So having had several attempts I have succeeding in creating something that, although not perfect, is definitely an improvement on what I have been making with my moka pot.

My method:

Grind 18g of beans in my Bodum blade grinder - I've tried various different levels of coarseness.

Add to large perfect crema basket.

Tamp with Motta tamper until the shoulder of the tamper is about level with the top of the basket.

Pull the shot.

Usually takes about 5 - 10 seconds for the coffee to flow, and I've generally done ~40g of coffee (dark, cloudy, with crema) in about 15 seconds (i.e. 20 seconds total).

I only measure the weight of the coffee afterwards - I drew a line on the glass based on what 40g of water looks like so I know roughly when to stop.

I haven't got scales to fit on the drip tray yet (arriving today!) and I'm using a small glass to brew into so there are a lot of woolly areas at the moment.

If I get a chance to post some pictures I will. I'm enjoying the learning but a little frightened of the cost of beans until I get a really good result!

Any tips based on the above would be really gratefully received!


----------



## omikin (Nov 25, 2016)

Note - I do have another double shot basket which has loads of holes in the bottom rather than the 1 for the perfect crema basket. I haven't had great results with this so far - shoots through really quickly with a very muddy result. :/


----------



## Jumbo Ratty (Jan 12, 2015)

omikin said:


> Note - I do have another double shot basket which has loads of holes in the bottom rather than the 1 for the perfect crema basket. I haven't had great results with this so far - shoots through really quickly with a very muddy result. :/


stick with this basket (stop using the perfect crema basket) and grind much finer,, you just arnt grinding fine enough , you should be able to chock the machine even with a blade grinder,, just keep grinding finer until the pour slows down.

To grind finer means you have to grind for longer in a blade grinder.

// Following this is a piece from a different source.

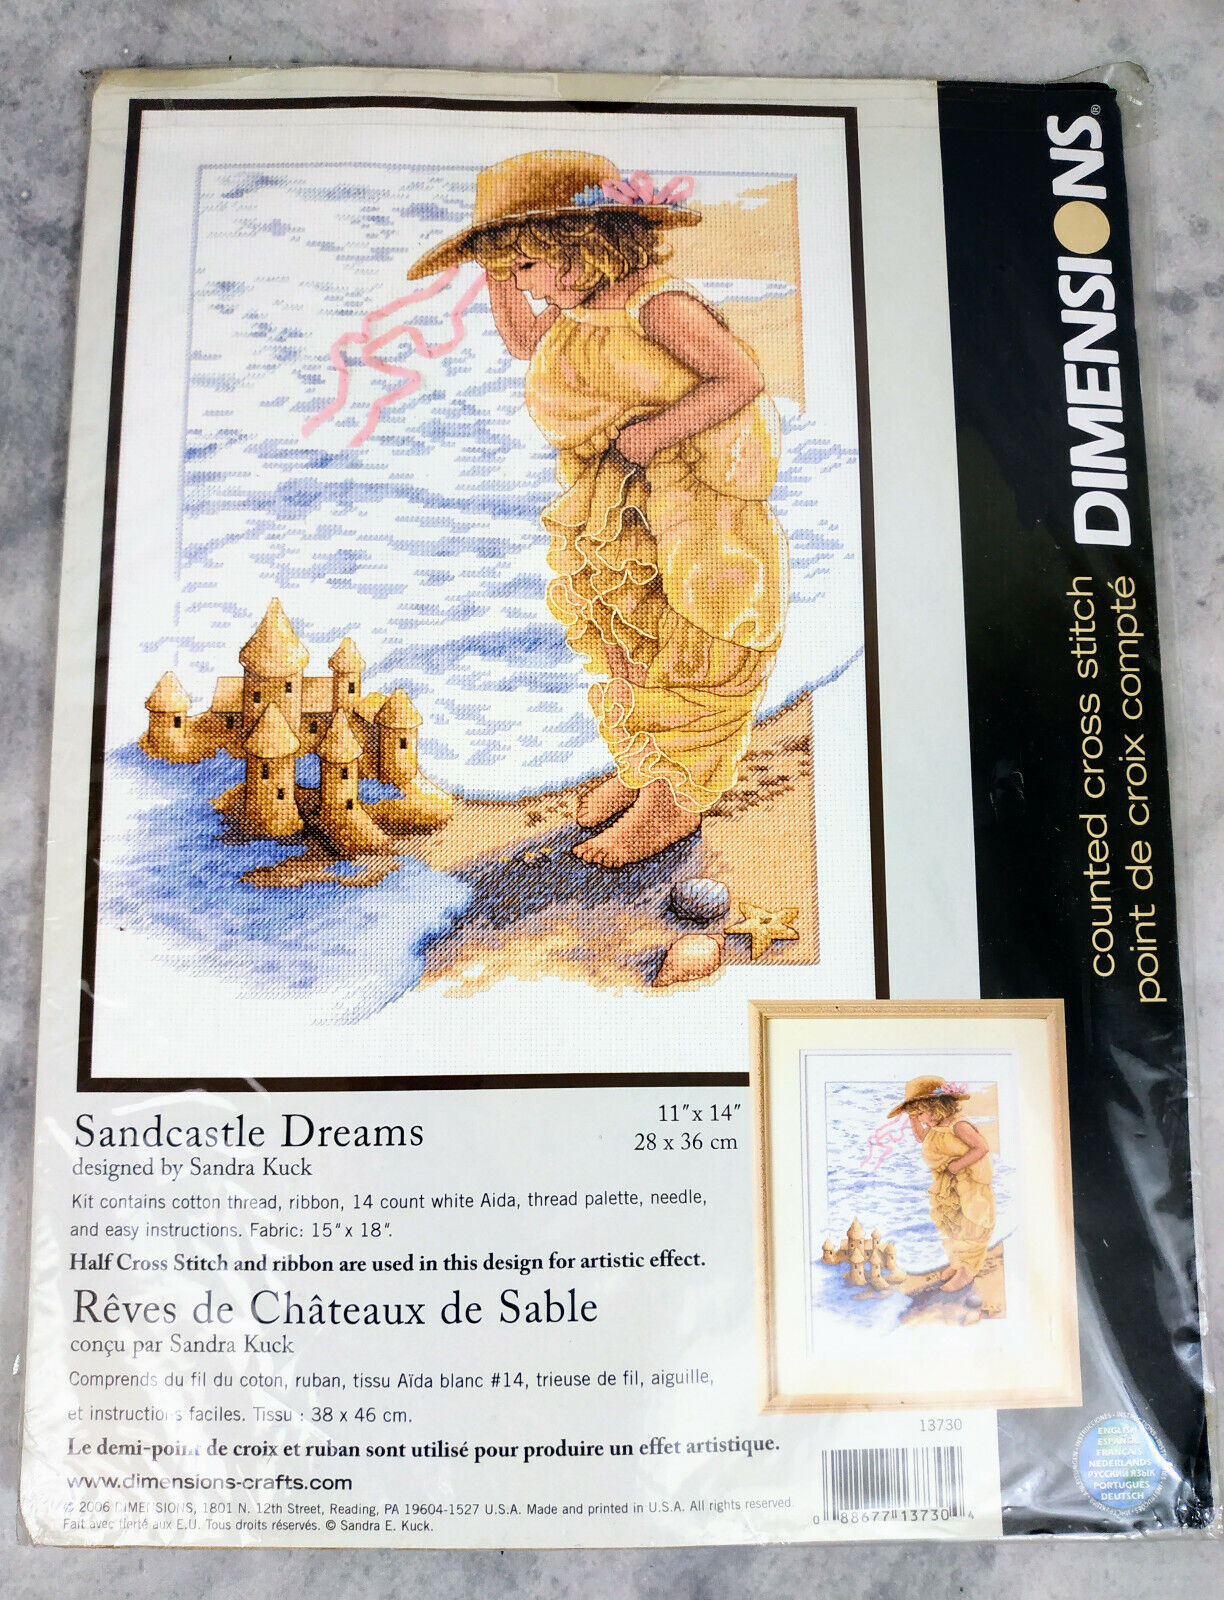 Sandcastle dreams, 13730, 28 x 36 cm

How long are you running the grinder for in seconds? time it when you grind the 18 grams,, whatever time it is now, DOUBLE IT


----------



## omikin (Nov 25, 2016)

Will do. I hadn't thought to time the grind but I will do so I have a benchmark to work from. Won't be till Thursday now as I'm away from home but I will do it then! By then I will also have a small set of scales and a pair of shot glasses so should be easier to quantify various elements.


----------



## Jumbo Ratty (Jan 12, 2015)

omikin said:


> Will do. I hadn't thought to time the grind but I will do so I have a benchmark to work from.

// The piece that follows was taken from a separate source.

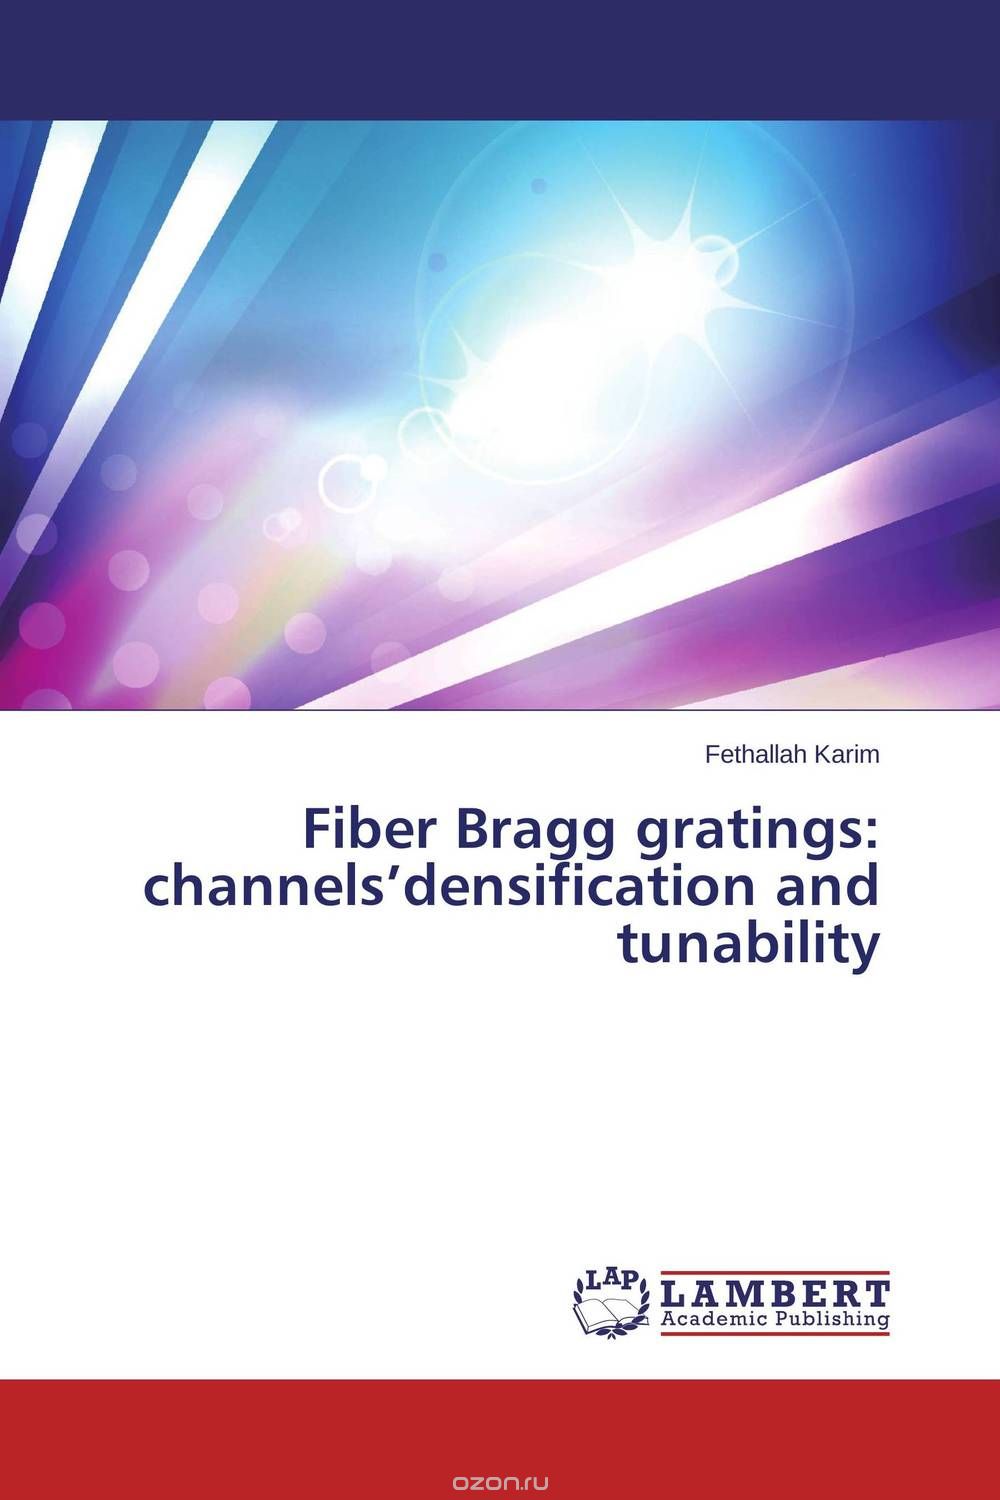 Скачать книгу "Fiber Bragg gratings: channels’densification and tunability"

Its imperative you time the blade grinder and also grind the same weight of beans each time.

This makes it easy for you to reproduce the correct grind once you found the right length of time to grind for.


----------



## omikin (Nov 25, 2016)

Progress! Measured 19g of beans, ground for 40 seconds and got 49g of espresso in 17 seconds.

Then measured 19g of beans, ground for 45 seconds and got 44g of espresso in 27 seconds!


----------



## Jumbo Ratty (Jan 12, 2015)

Jumbo Ratty said:


> Quite surprising how when youve got it right 5 seconds either way makes a difference to the pour time.
> 
> Sounds like you need to grind for longer.





omikin said:


> Progress! Measured 19g of beans, ground for 40 seconds and got 49g of espresso in 17 seconds.
> 
> Then measured 19g of beans, ground for 45 seconds and got 44g of espresso in 27 seconds!


Knew you'd get there.

See, 5 seconds extra grinding made 10 seconds extra pour time with 5g less espresso out.

But how did it taste ?

Also, is this with the standard un pressurised basket? the one you said "I haven't had great results with this so far - shoots through really quickly with a very muddy result. :/"

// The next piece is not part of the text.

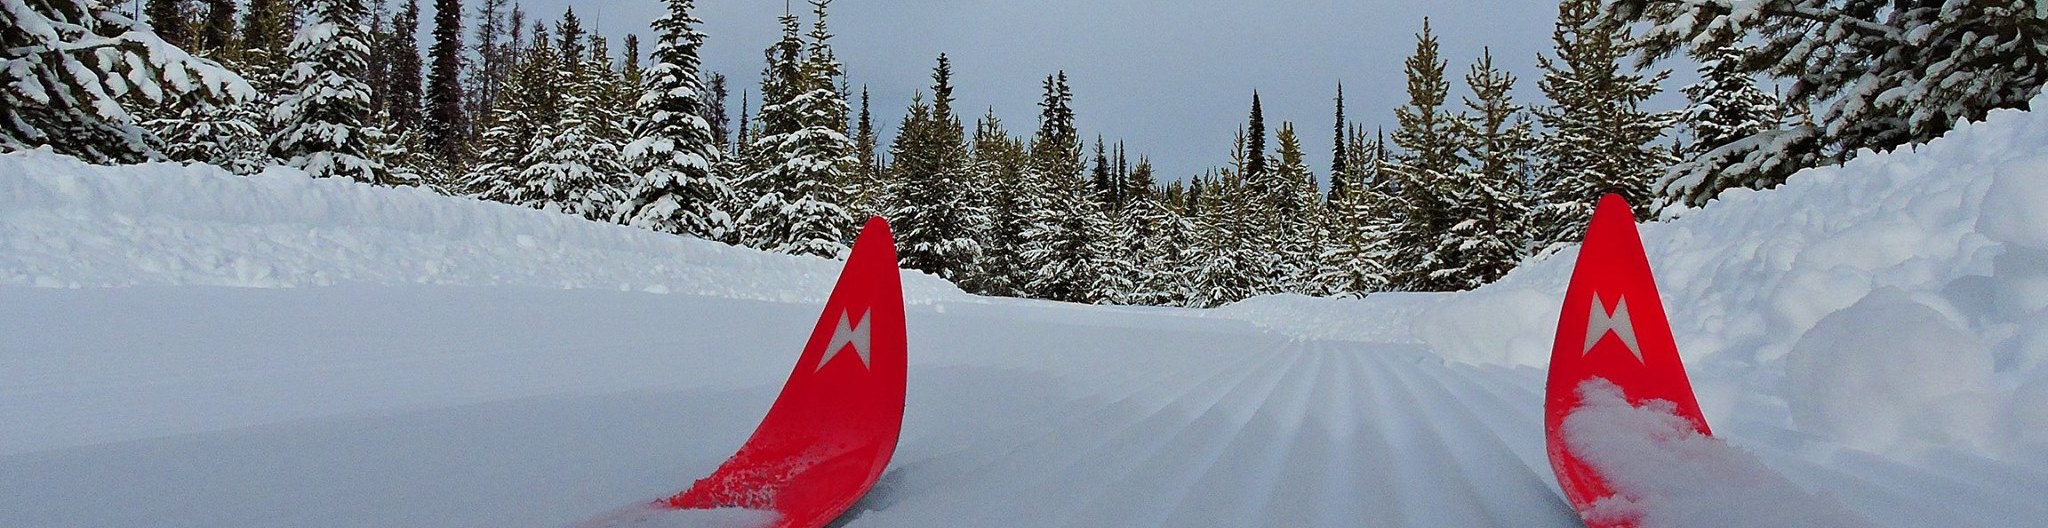 banner image - skis on groomed trail

Blade grinders can achieve fair results for what they are all things considered


----------



## omikin (Nov 25, 2016)

Yep, it tasted really good. And I used the non-pressurised basket so was pleased with the outcome.

It does make me feel like I don't need to rush into upgrading the grinder right now (i.e. before Christmas). Although I do have my eye on a Mignon...


----------